Sehr lange Gedichte erlauben mir zu verschiedenen Rhythmusarten zu gelangen. Mit einem Gedicht von fünf Seiten oder zehn Seiten kann ich einen Rhythmus finden, der abgehackt ist, ich kann einen Rhythmus haben, der explodiert, einen sehr minimalistischen Rhythmus, einen Rhythmus, der ein Pferd imitiert, einen Rhythmus, der den Zug imitiert, einen Rhythmus der Blitzschlag imitiert, Rhythmen, die alte Heuwägen imitieren, alte Kochtöpfe... Der Rhythmus ist in dem Sinne sehr wichtig für das Schreiben, als er an der Herstellung des Textes teilhat. Daher braucht es am Beginn in der Poesie den Rhythmus und es ist der Rhythmus, der es erlaubt, von einem Thema zu einem anderen überzugehen. Wenn ich zum Beispiel über ein Kriegsthema schreiben möchte, kann ich den Rhythmus einer Kalaschnikow verwenden oder einen Rhythmus, im gleichen Takt wie Bombardierungen. Das heißt, dass ich dann Worte verwenden kann, in diesem Sinn, die nicht auf den Krieg verweisen, sondern die mittels ihres Klangs, ihrer Betonung, eine Kriegsatmosphäre erzeugen.

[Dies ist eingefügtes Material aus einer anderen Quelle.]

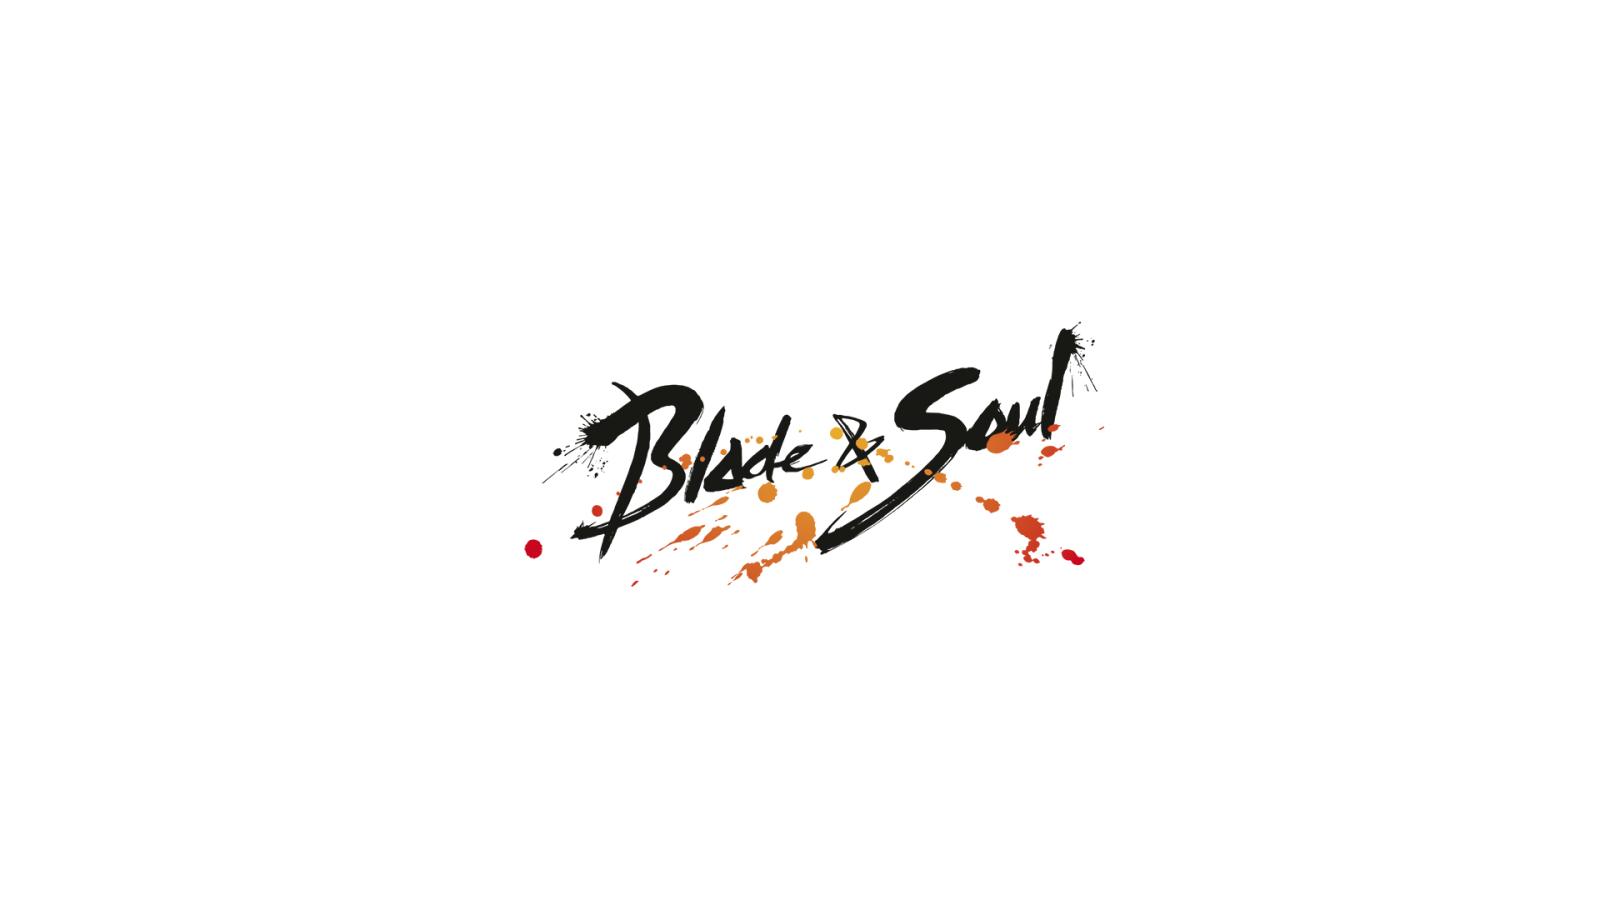 Blade & Soul - ремесла (крафт) - гайд-обзор

Der Rhythmus lässt Farben entstehen, Emotion, den Himmel, Krankheit, Lepra, Eifersucht, Liebe...
Die Geburt eines Rhythmus geht den Wiederholungen voraus, den Aufzählungen, den langen Sätzen mit koordinierenden Konjunktionen...
Und daher ist es der Rhythmus, der den Text gebiert. Der Rhythmus ist sehr wichtig, weil es überall, im ganzen Leben, einen Rhythmus gibt, eine Atmung. Ich denke, die Atmung ist das mechanische Element, welches auf unbeholfenste Weise wichtig ist.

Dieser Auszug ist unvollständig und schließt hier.